## What the exercise asks
What is needed is the exact text of each line in the listing below from the one with "Altdorf, ist eine" up to and including the one with "No dia 10/01/2012, às", and no pictures.

## Dataset records
-----
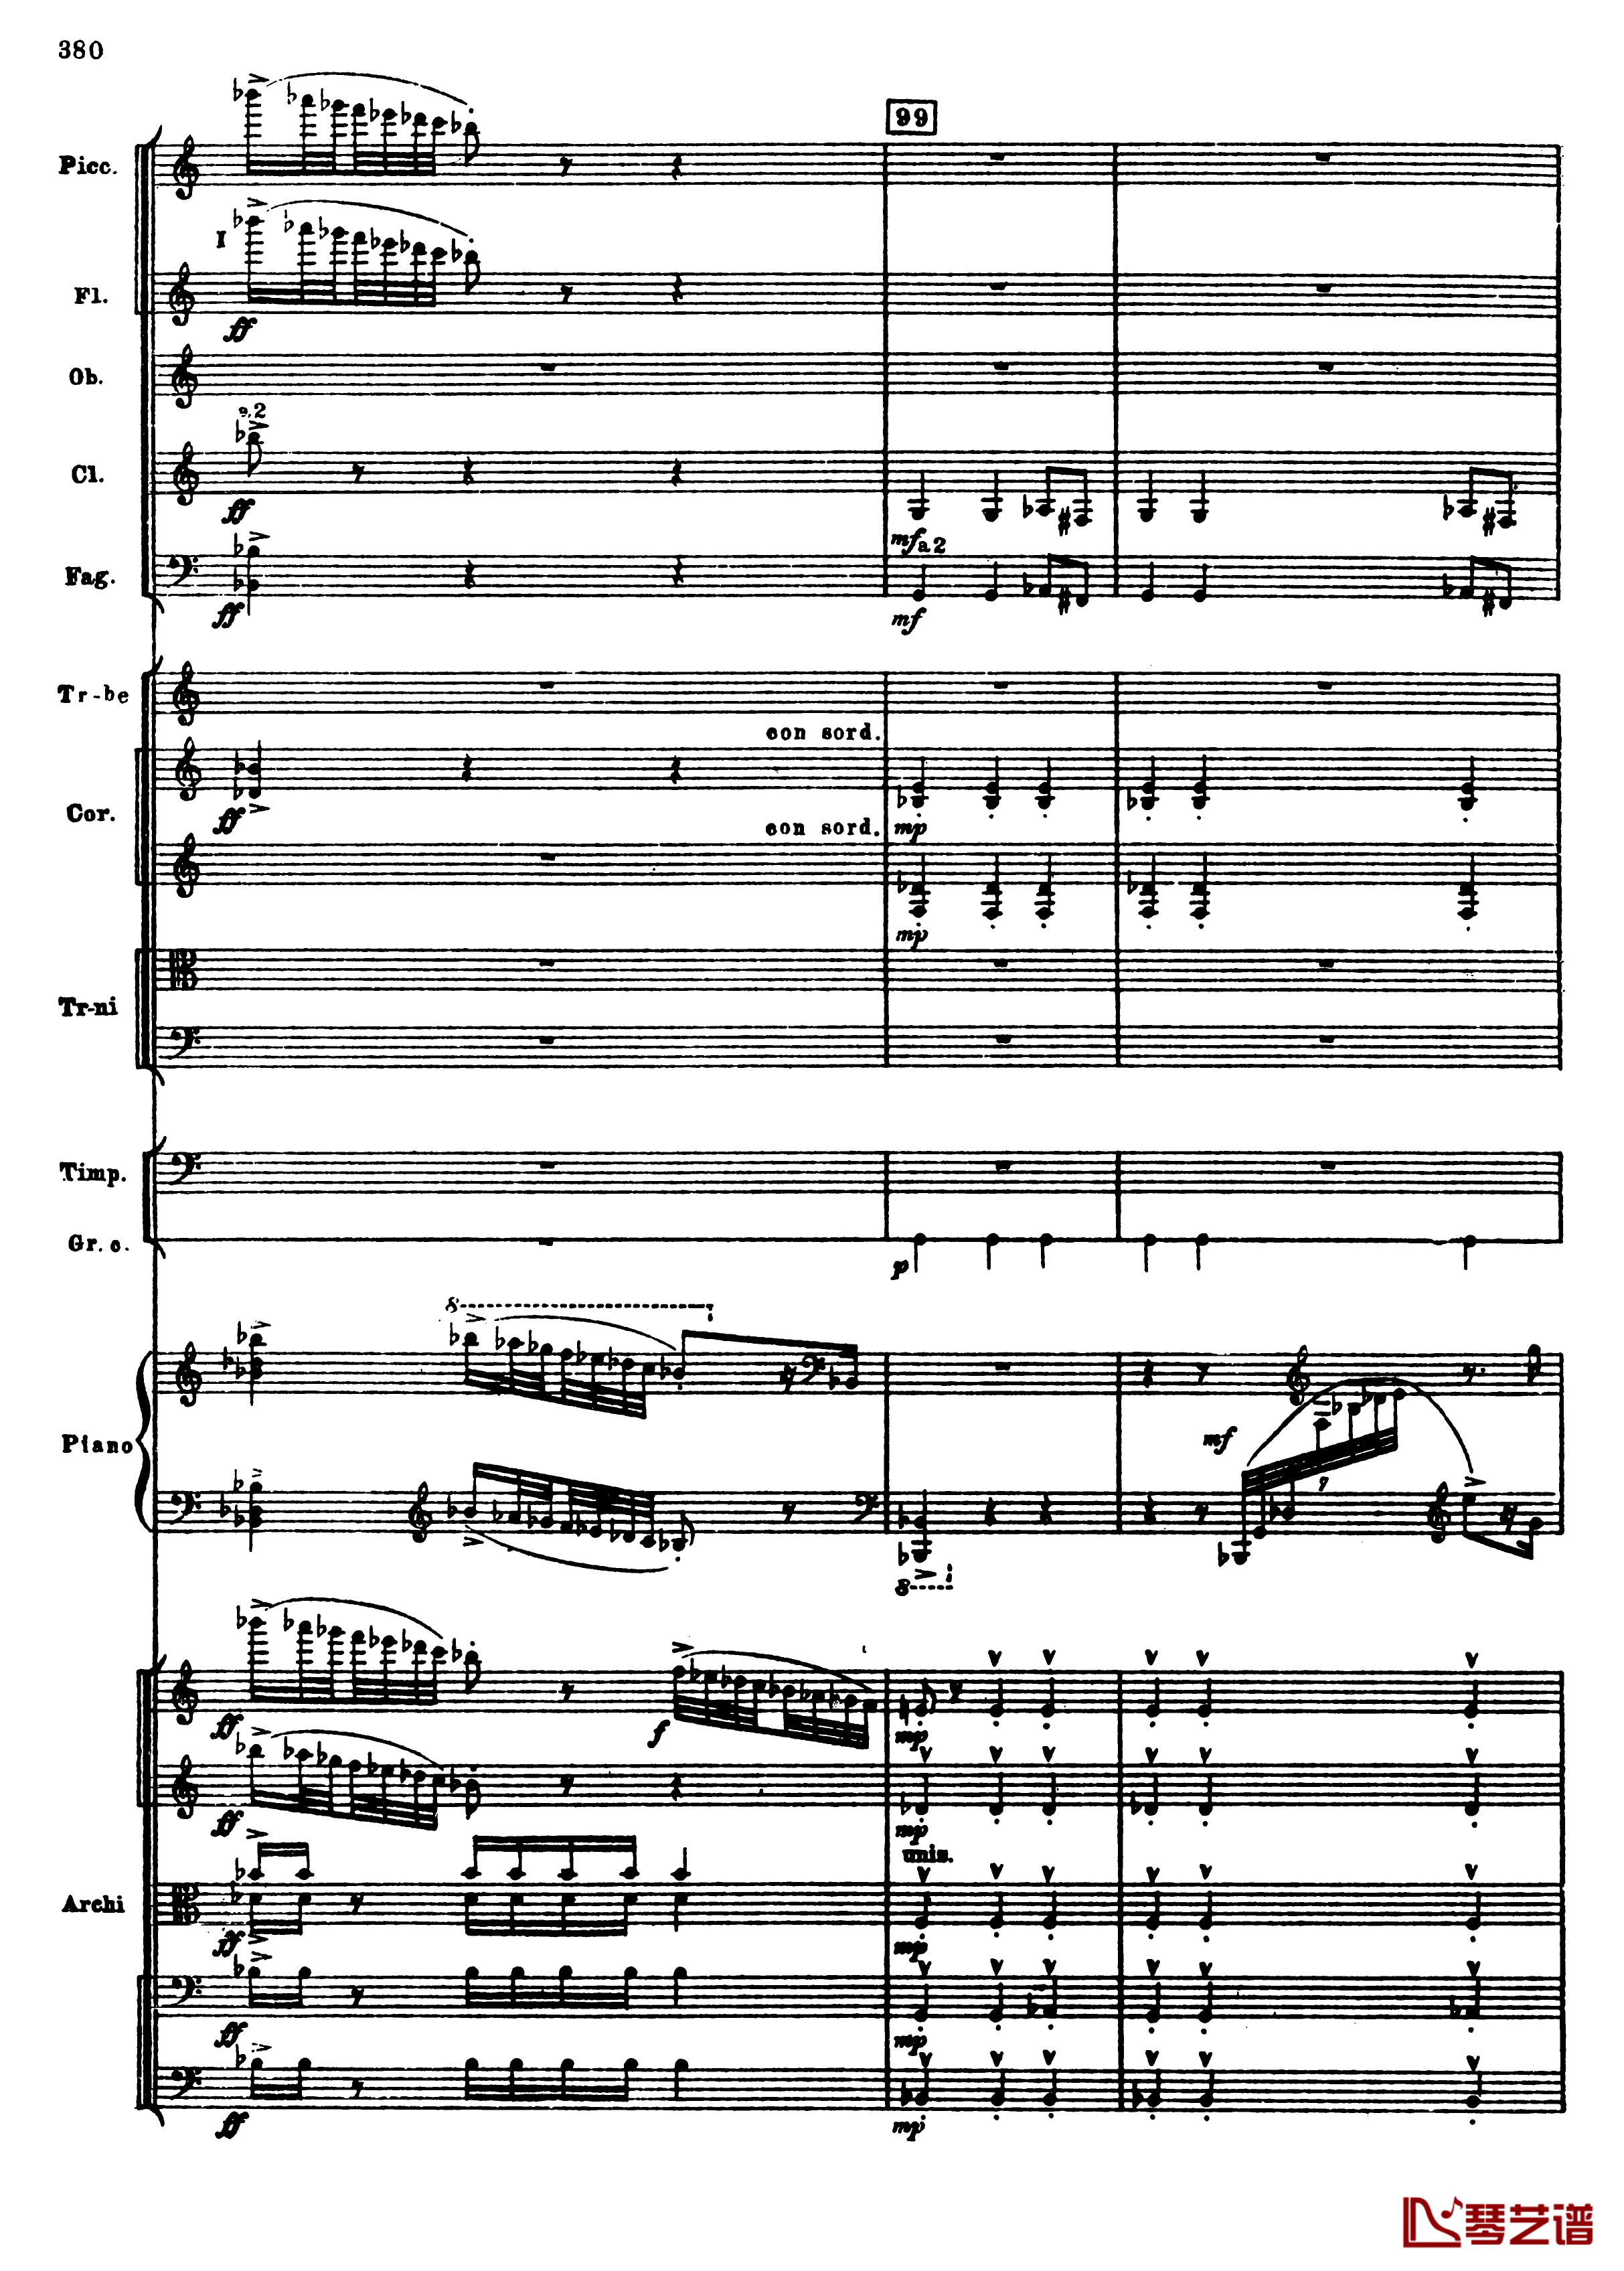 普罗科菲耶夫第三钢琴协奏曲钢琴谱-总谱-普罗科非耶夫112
-----
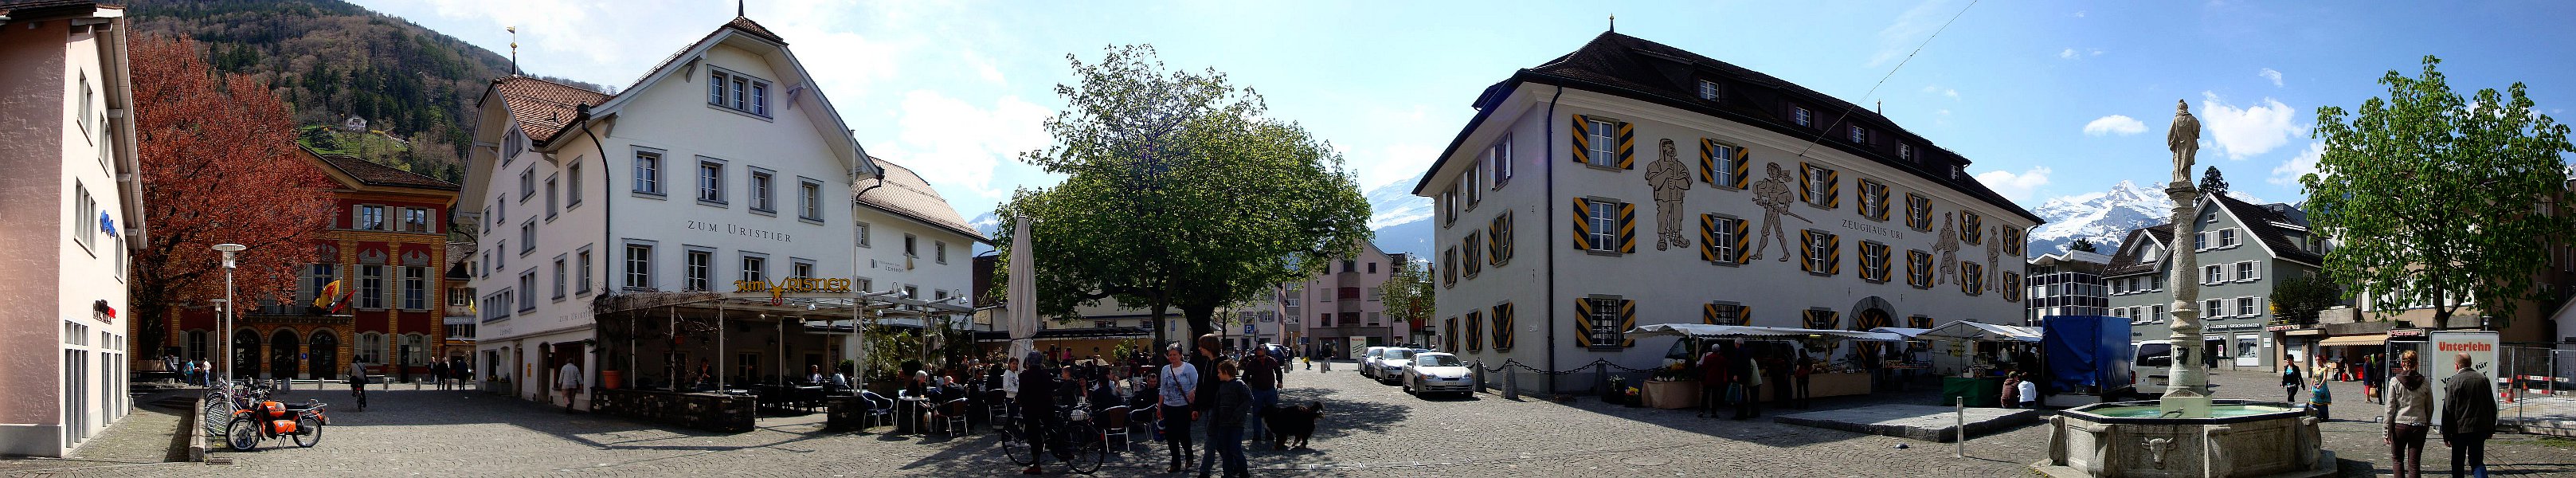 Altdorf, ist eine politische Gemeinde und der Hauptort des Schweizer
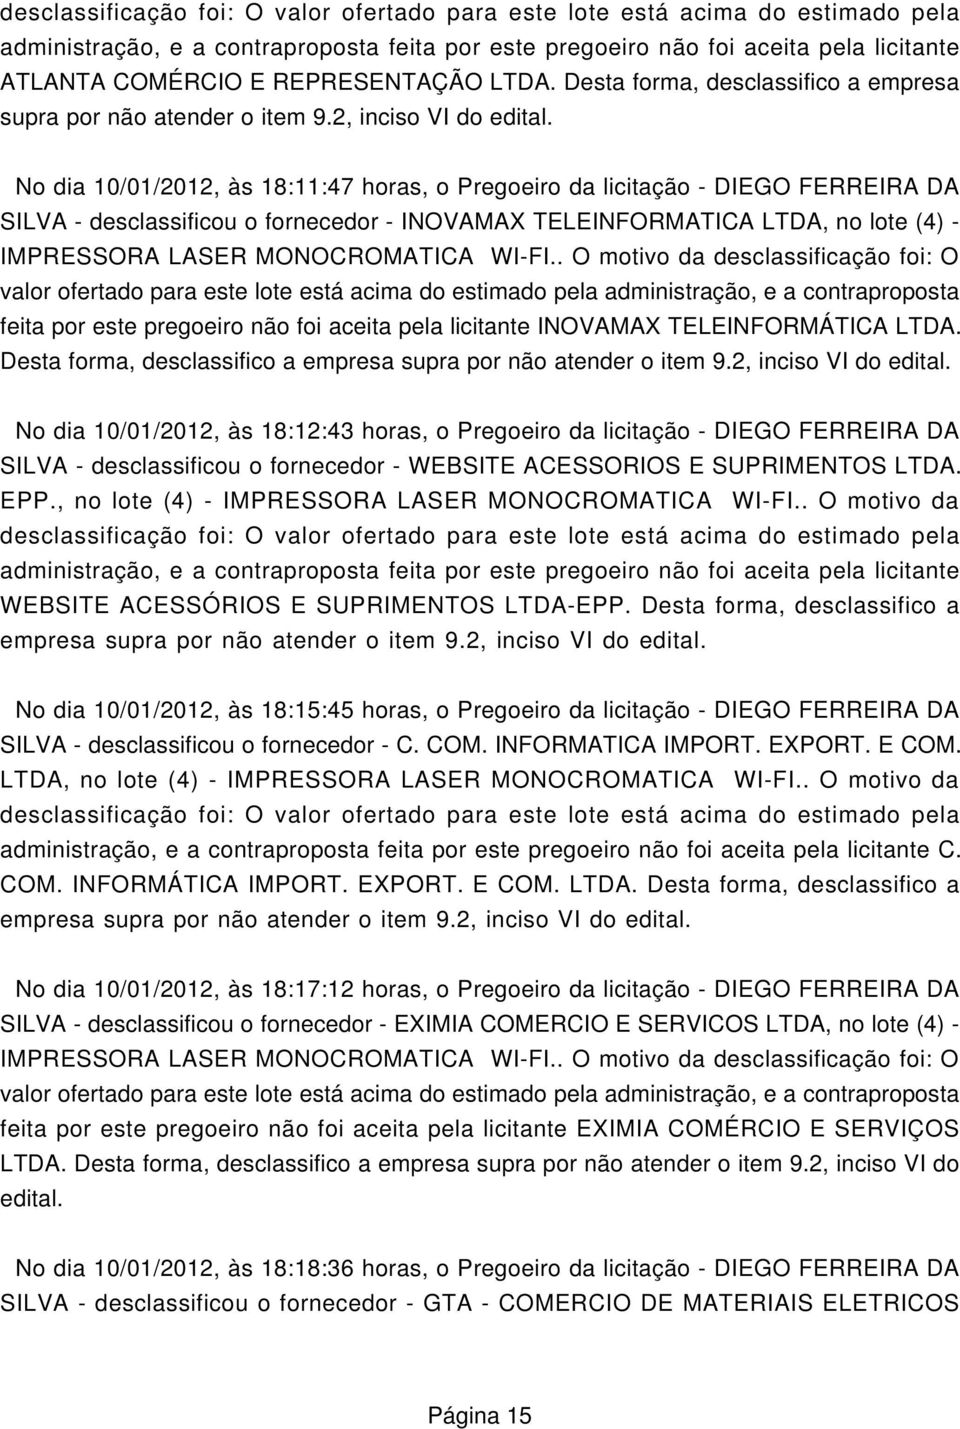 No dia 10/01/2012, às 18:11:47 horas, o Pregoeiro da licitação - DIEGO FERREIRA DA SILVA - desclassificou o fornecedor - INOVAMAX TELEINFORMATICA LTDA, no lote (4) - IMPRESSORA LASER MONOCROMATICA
-----
## Output below
 Altdorf, ist eine politische Gemeinde und der Hauptort des Schweizer
 No dia 10/01/2012, às 18:11:47 horas, o Pregoeiro da licitação - DIEGO FERREIRA DA SILVA - desclassificou o fornecedor - INOVAMAX TELEINFORMATICA LTDA, no lote (4) - IMPRESSORA LASER MONOCROMATICA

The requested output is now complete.